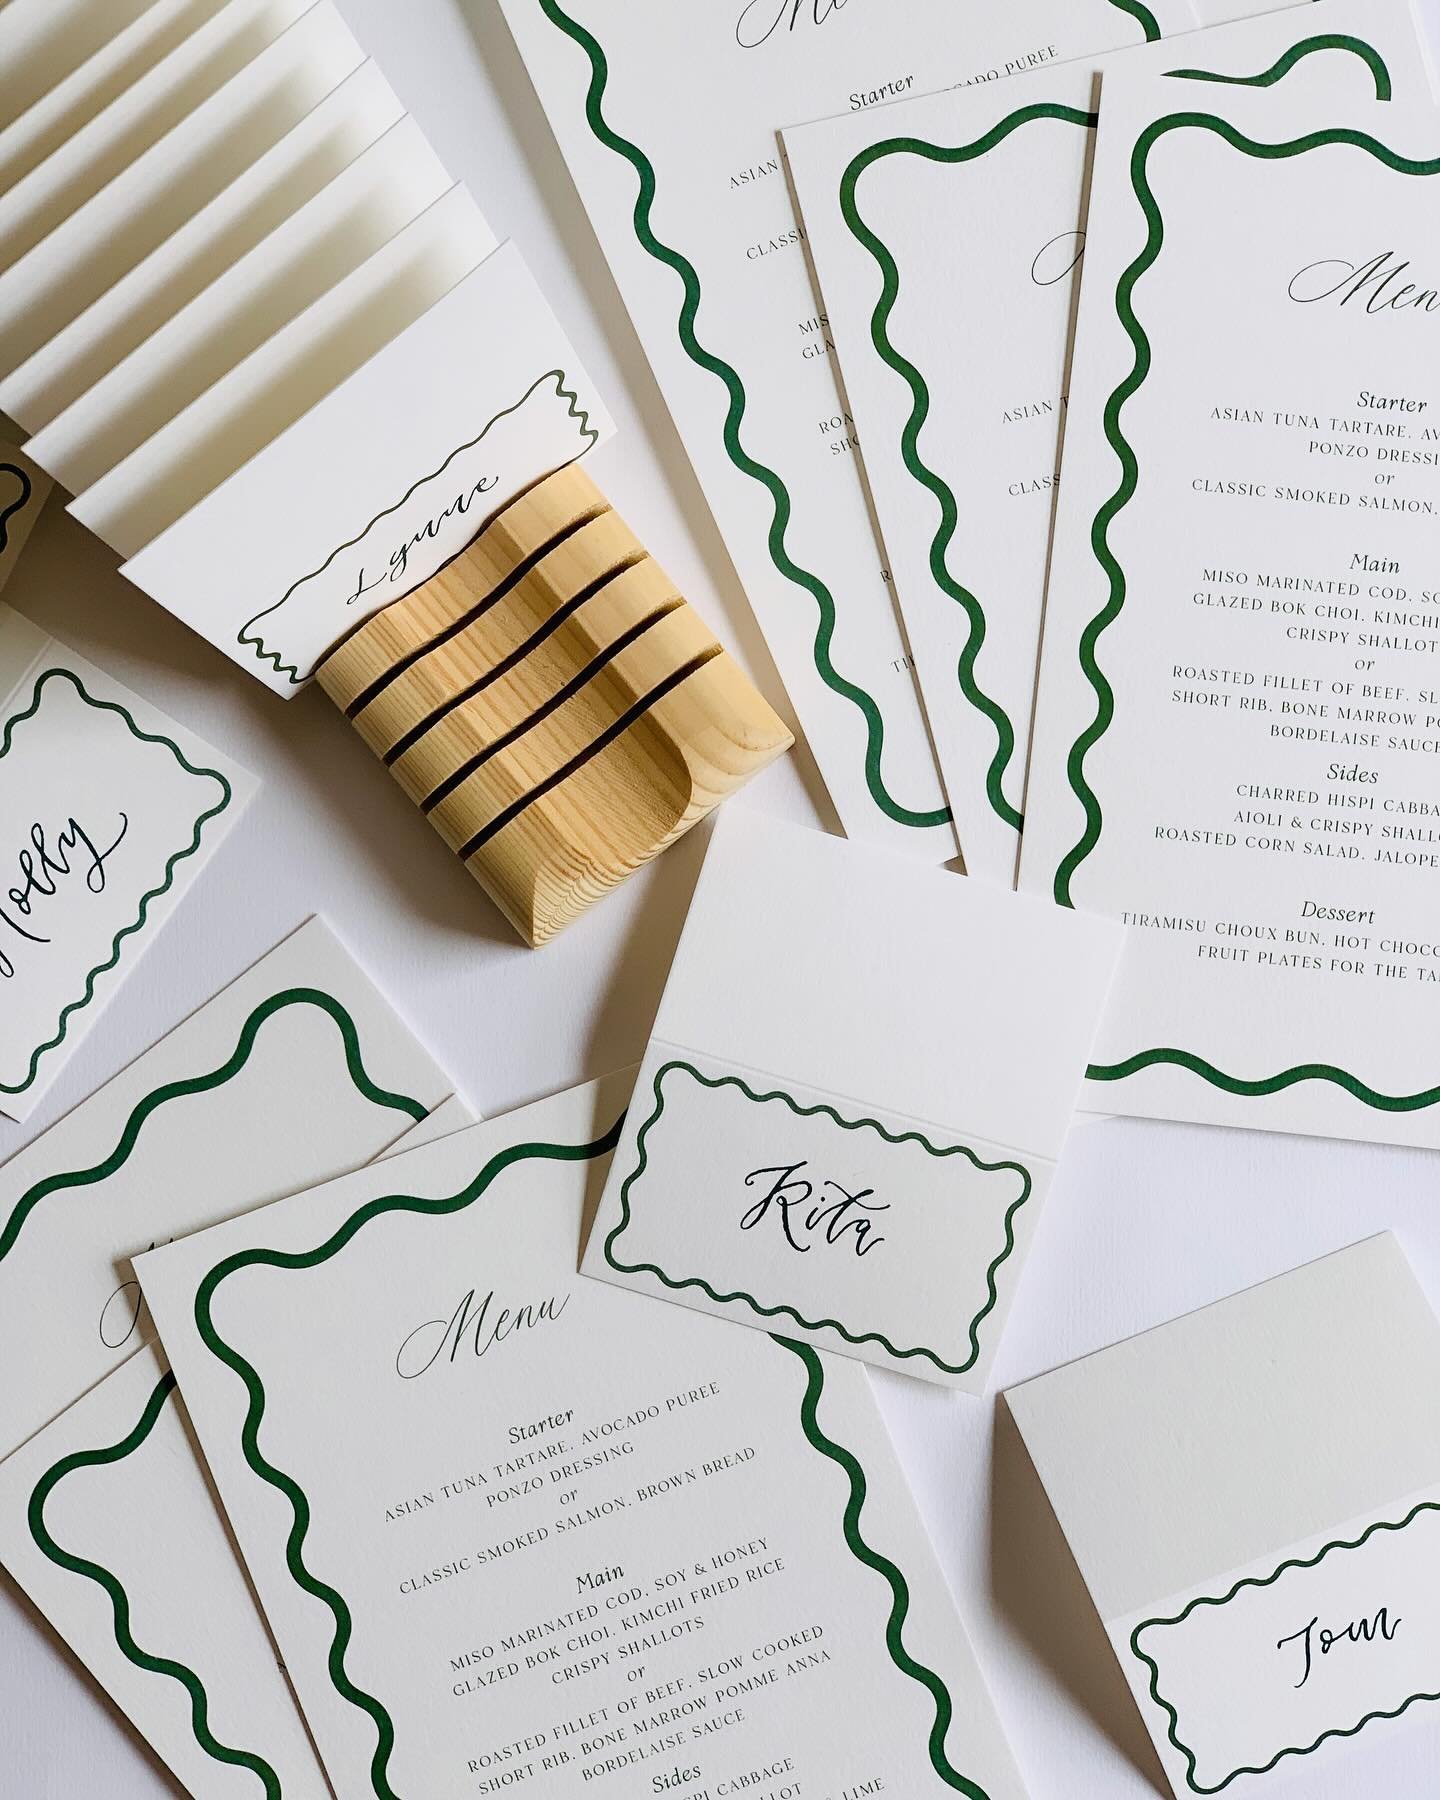 The cutest guest name cards and menus for a special birthday celebration last month ✨

@dkinteriors 
@tomsstudio 

#calligraphylettering 
#guestnamecards 
#specialbirthdaycelebrations 
#forestgreenink 
#leftylettering 
#scallopedgedesign 
#menudesign
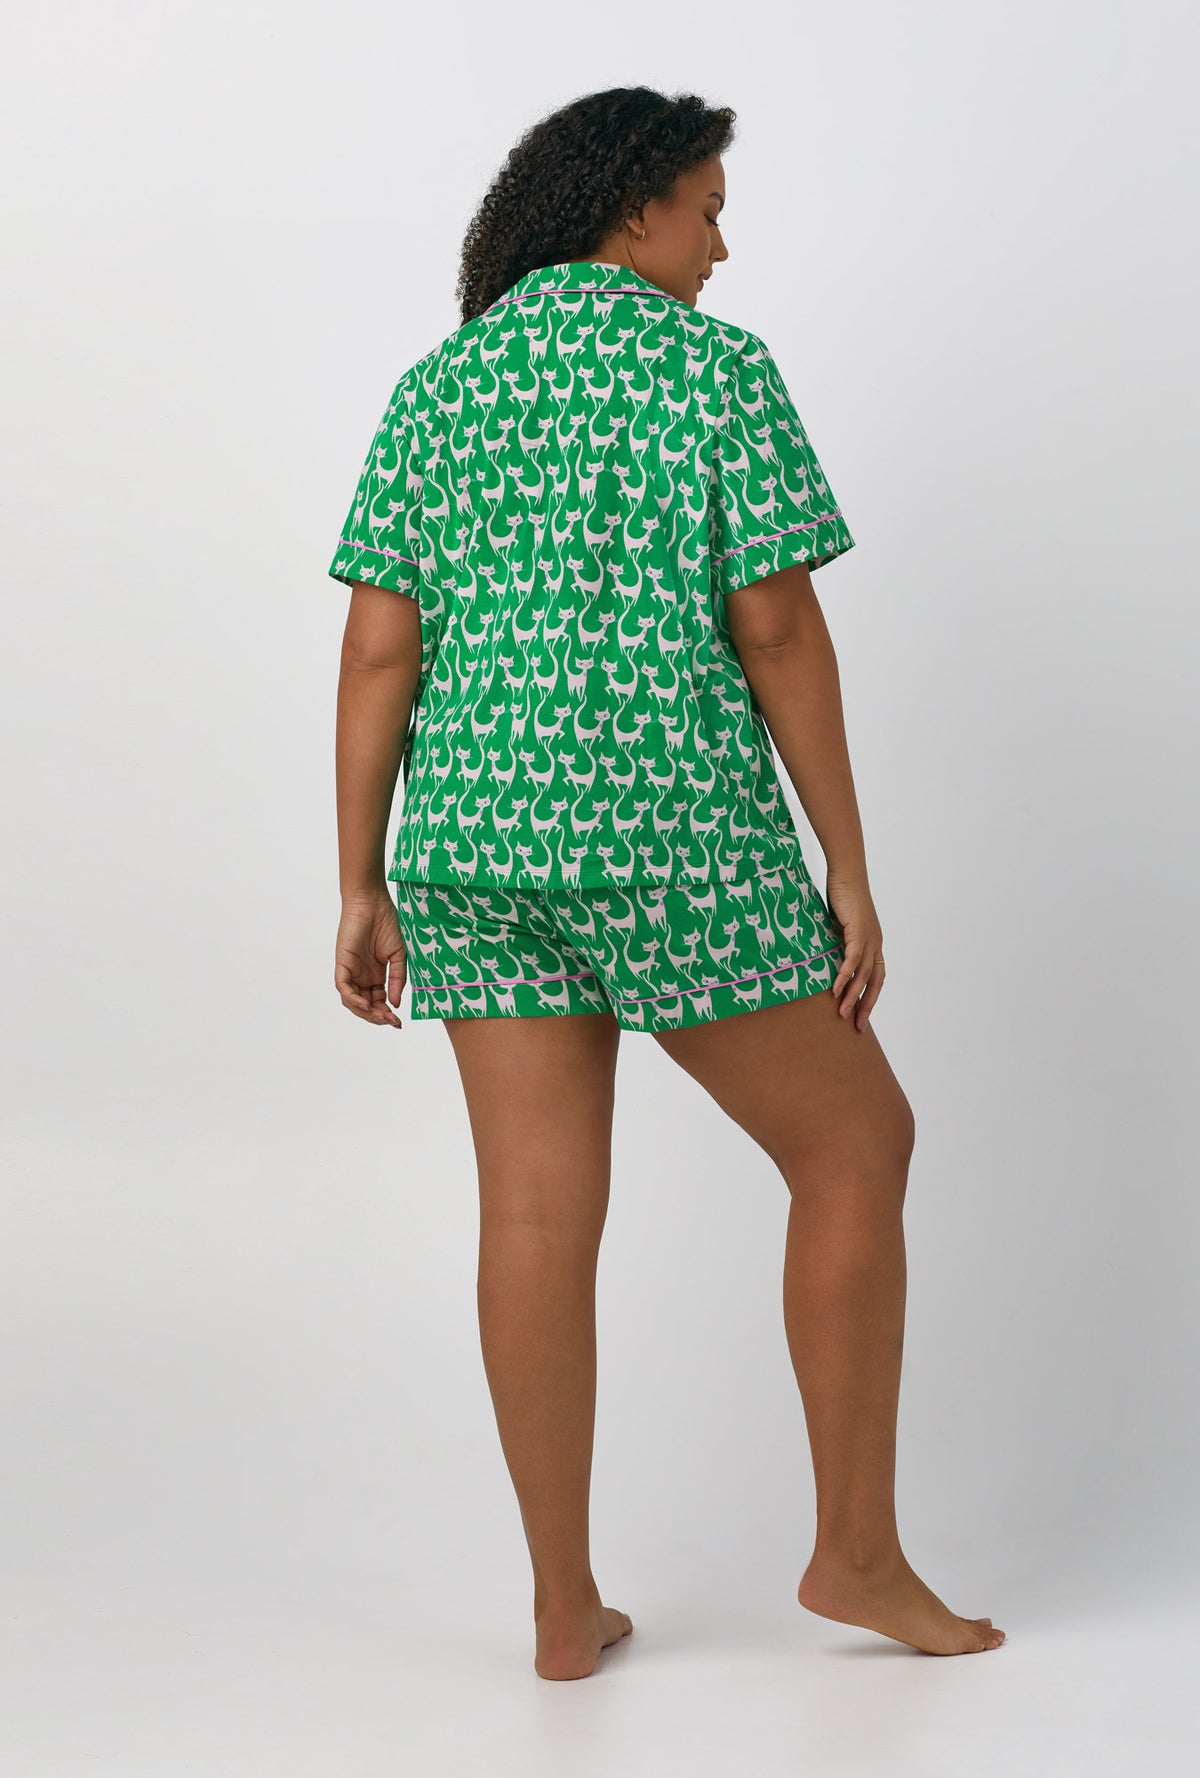 A lady wearing plus size green Short Sleeve Classic Shorty Stretch Jersey PJ Set with Cool Cats print

*****

[Exercise objective] From the line with "#forestgreenink" to the last line above, restate each line word for word, but skip the pictures.

[Solution to this task]
#forestgreenink 
#leftylettering 
#scallopedgedesign 
#menudesign
 A lady wearing plus size green Short Sleeve Classic Shorty Stretch Jersey PJ Set with Cool Cats print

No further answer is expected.